-- TASK REQUIREMENTS --
This exercise calls for an exact copy of the listing, with no pictures kept.

-- DATA EXCERPT --
---*---
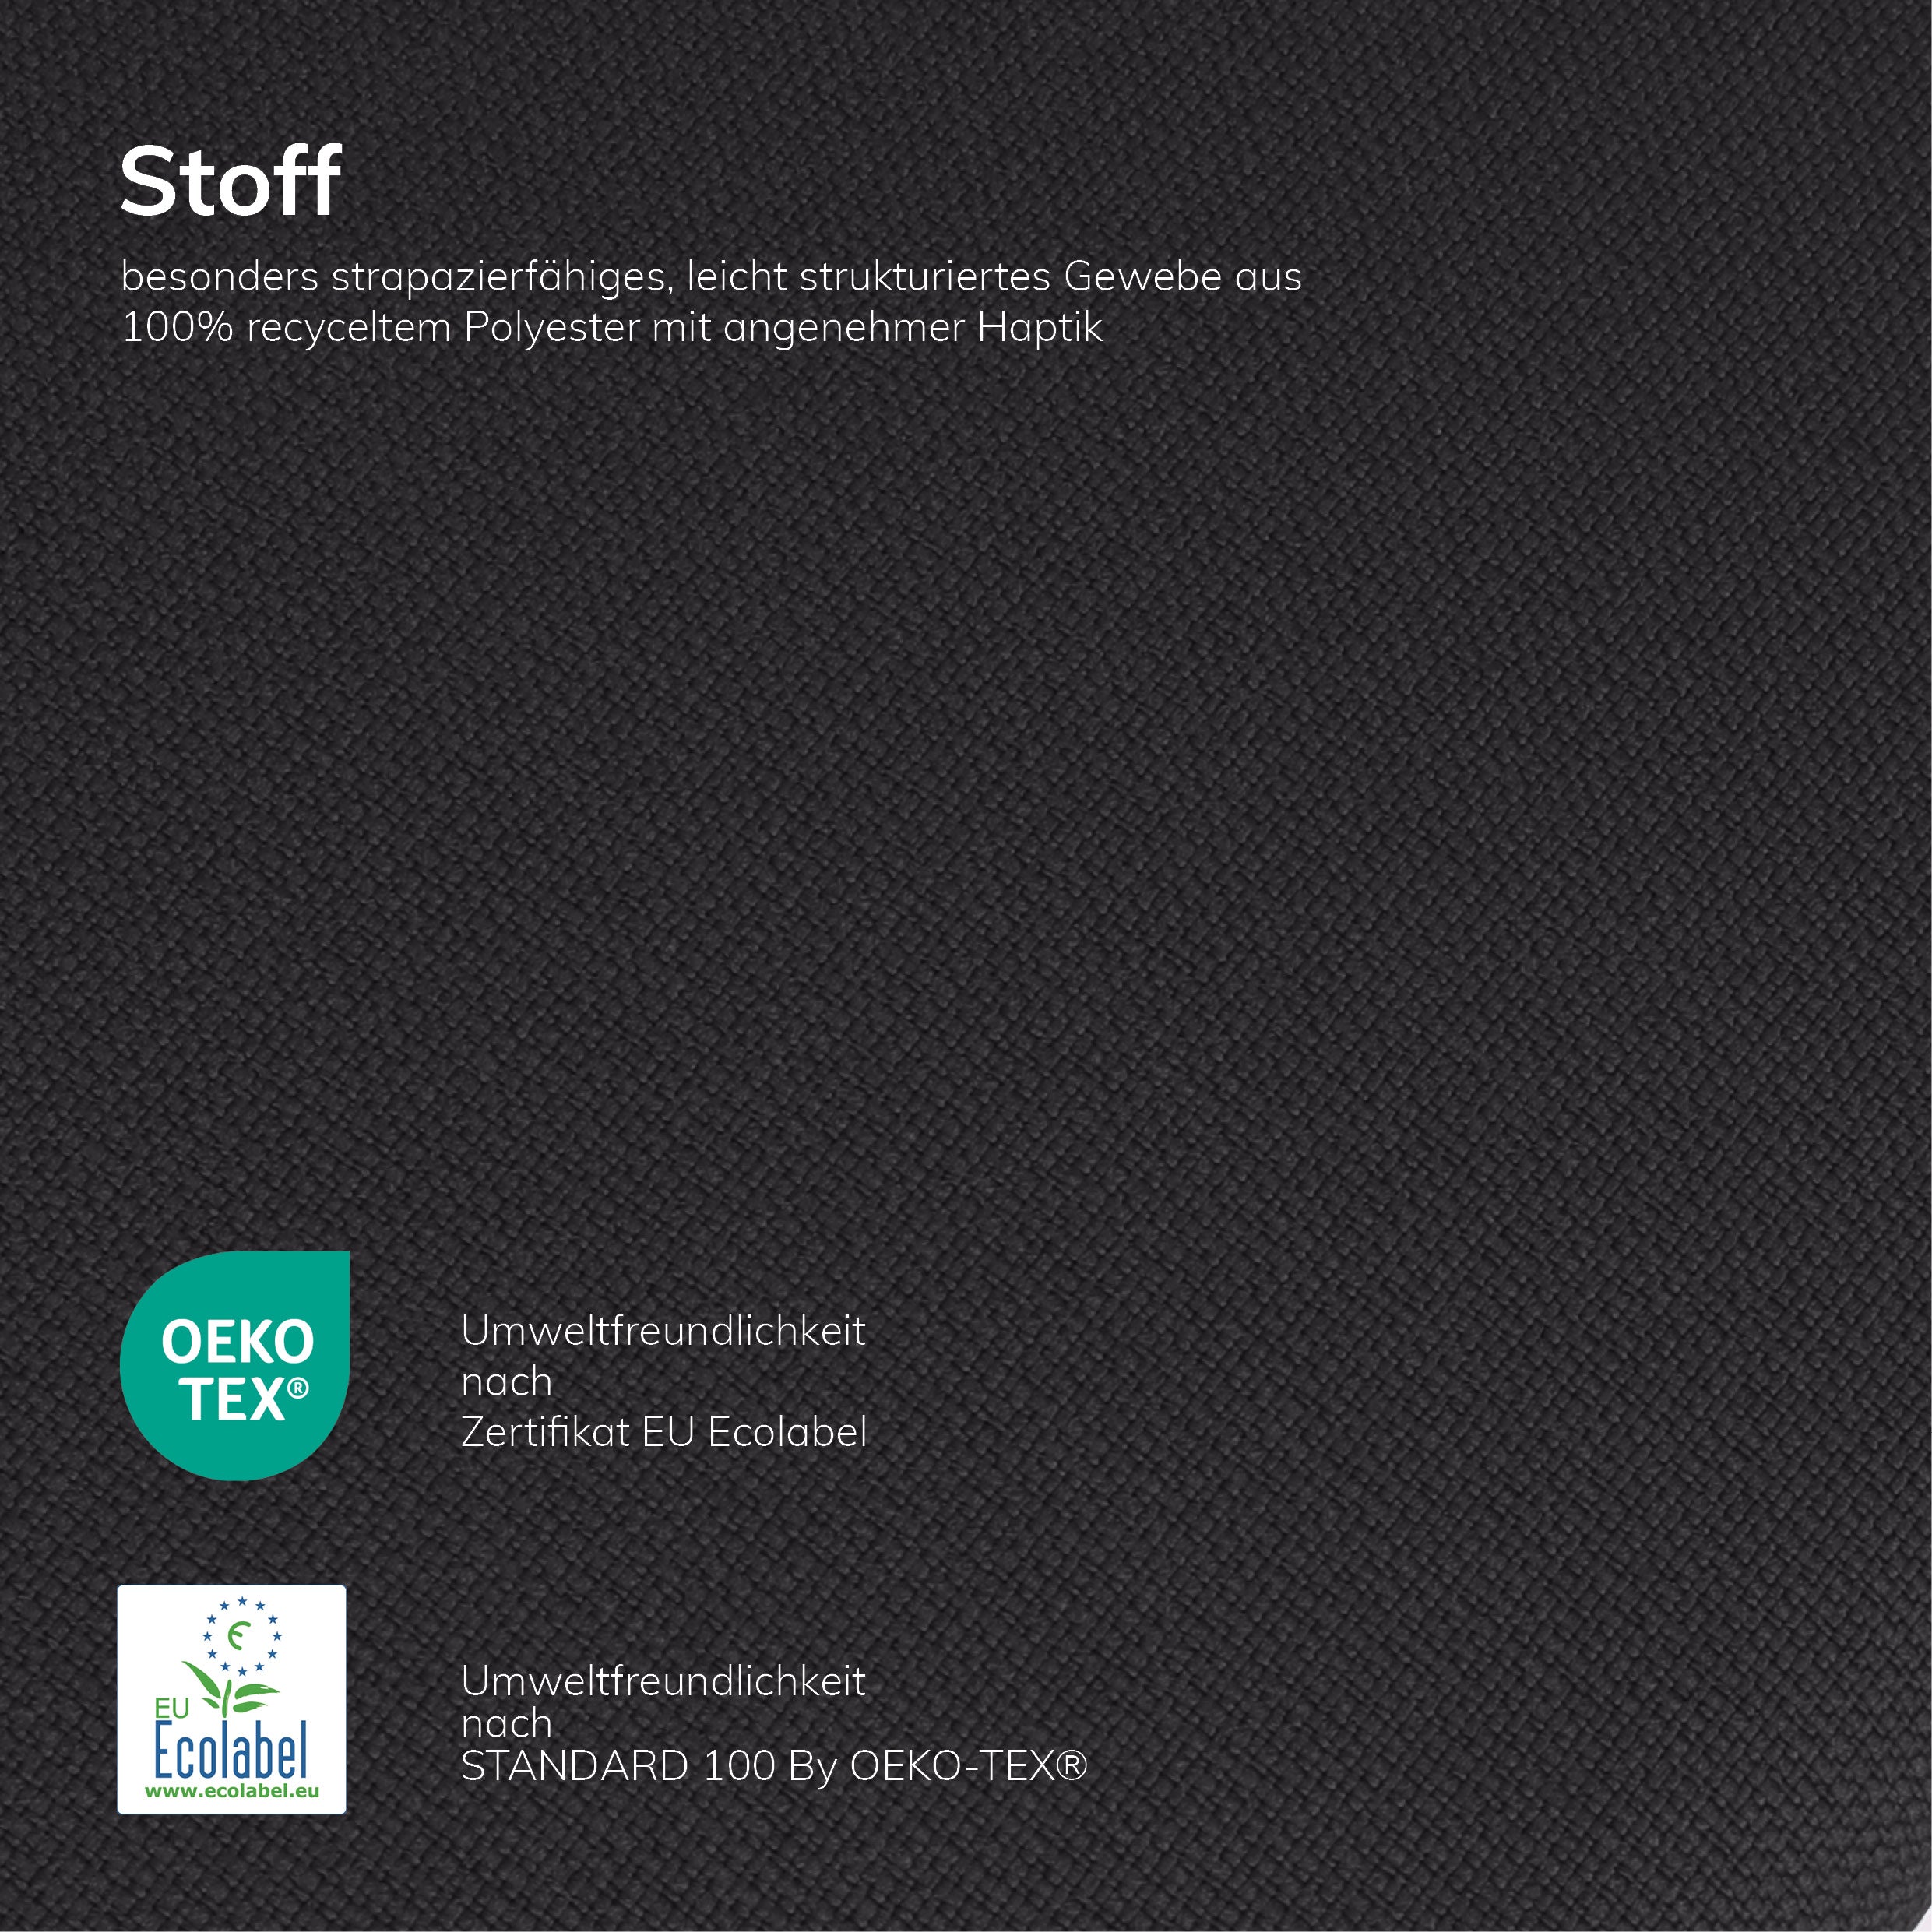 Ergonomischer Bürohocker Hocker - Stehhilfe mit Bodenwippe von der Marke: Lento - Modell: Sella Activa - verhindert Rückenschmerzen und Verspannungen - STOFF SCHWARZ - Made in Germany 🇩🇪
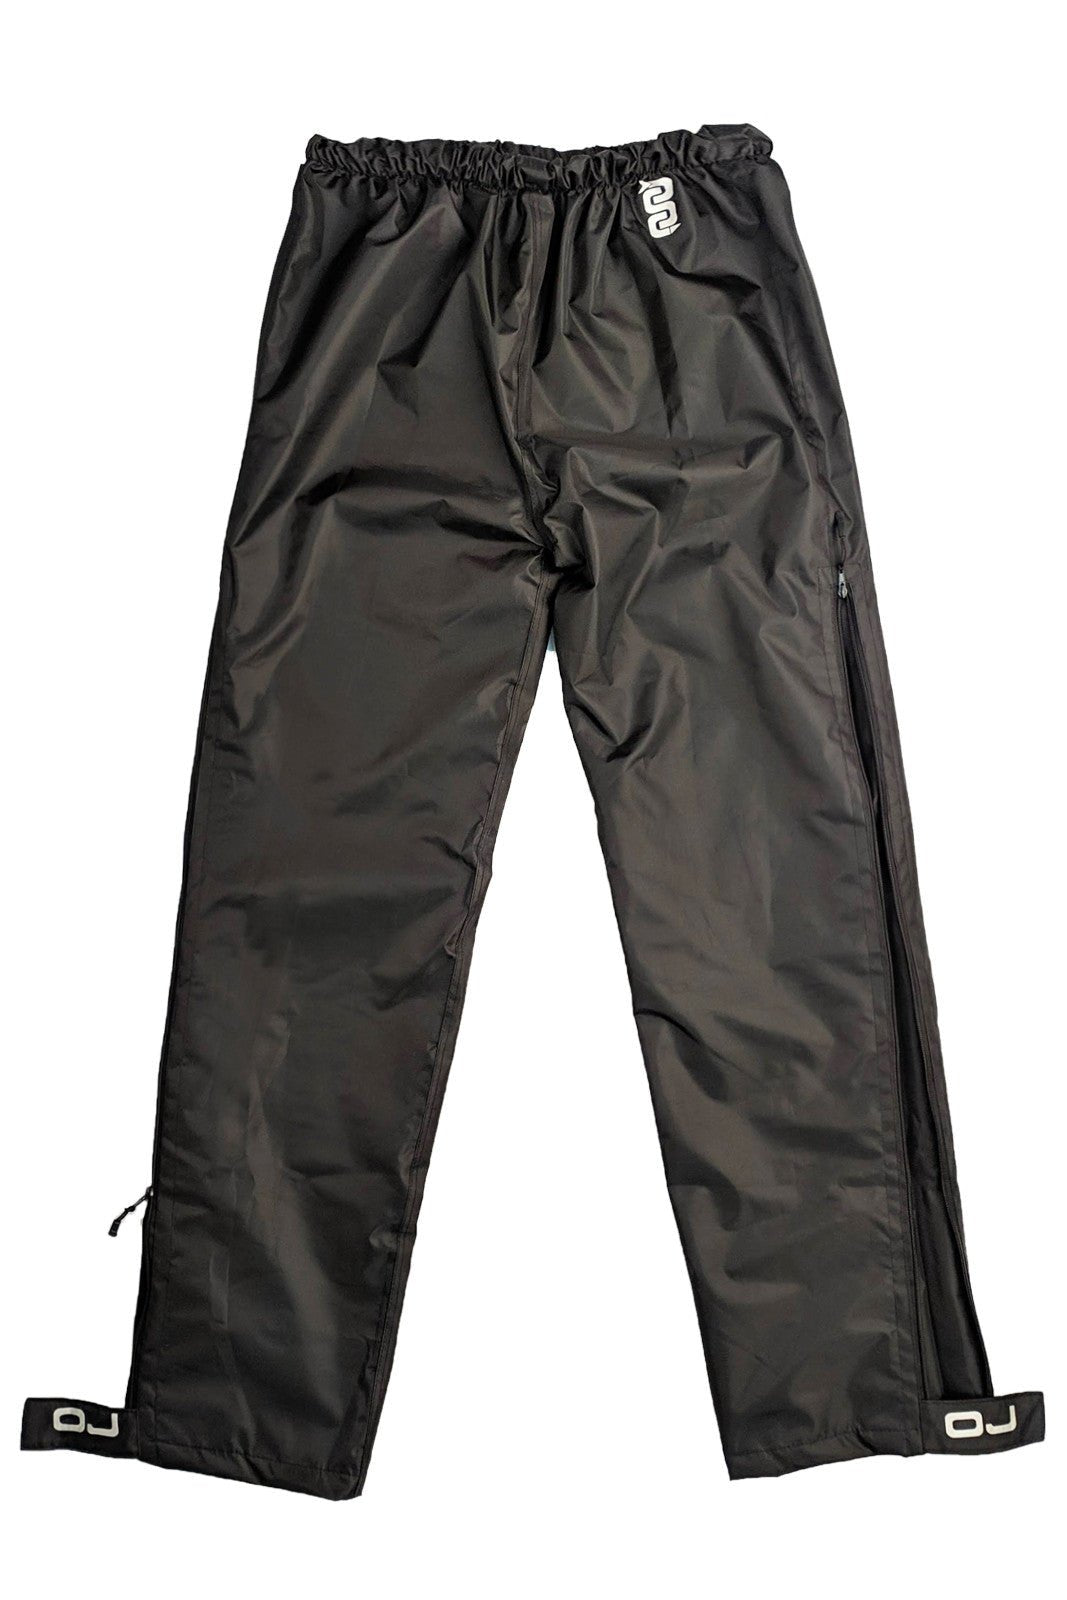 Pantalone antipioggia moto OJ ESTREMO P nero - OnTheRoad.shop - OJ
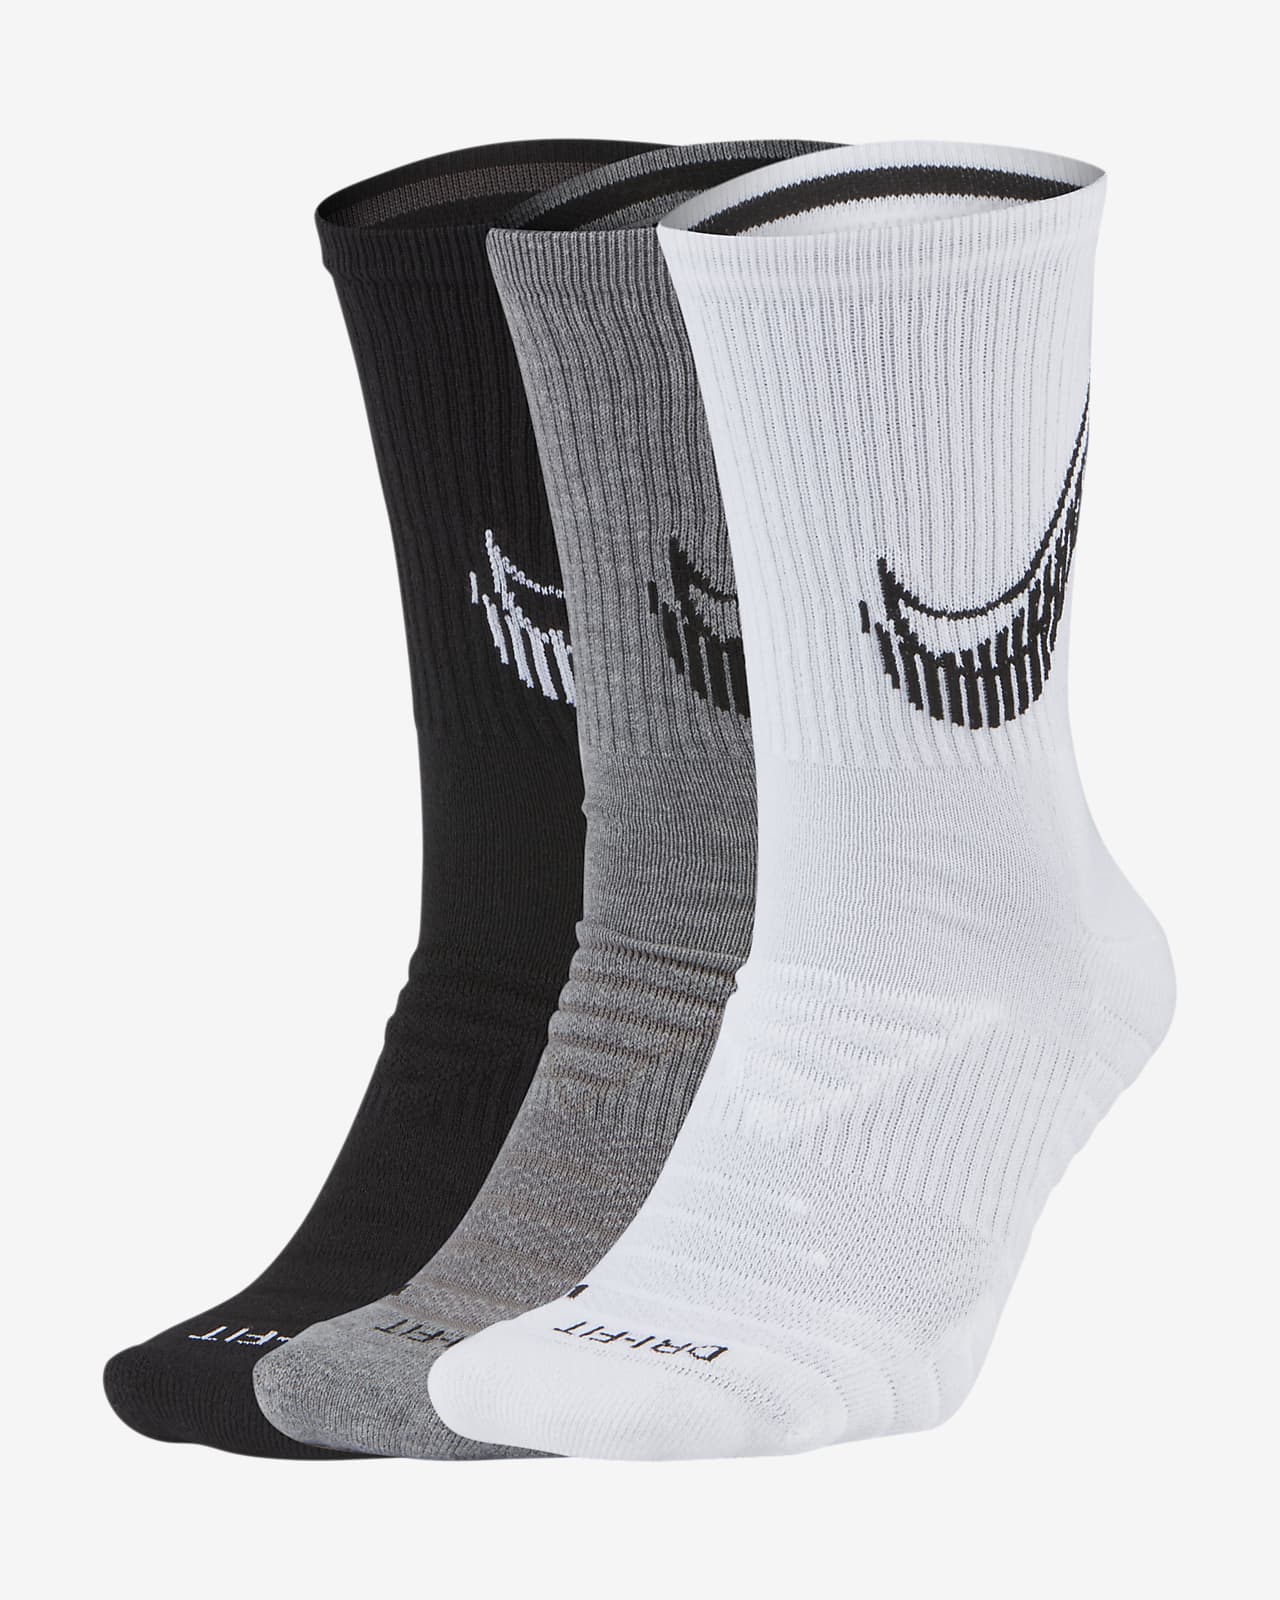 Encadenar becerro Moderador Nike Everyday Max Cushioned Training Crew Socks (3 Pairs). Nike.com
---*---
-- TASK ANSWER --
 Ergonomischer Bürohocker Hocker - Stehhilfe mit Bodenwippe von der Marke: Lento - Modell: Sella Activa - verhindert Rückenschmerzen und Verspannungen - STOFF SCHWARZ - Made in Germany 🇩🇪
 Pantalone antipioggia moto OJ ESTREMO P nero - OnTheRoad.shop - OJ
 Encadenar becerro Moderador Nike Everyday Max Cushioned Training Crew Socks (3 Pairs). Nike.com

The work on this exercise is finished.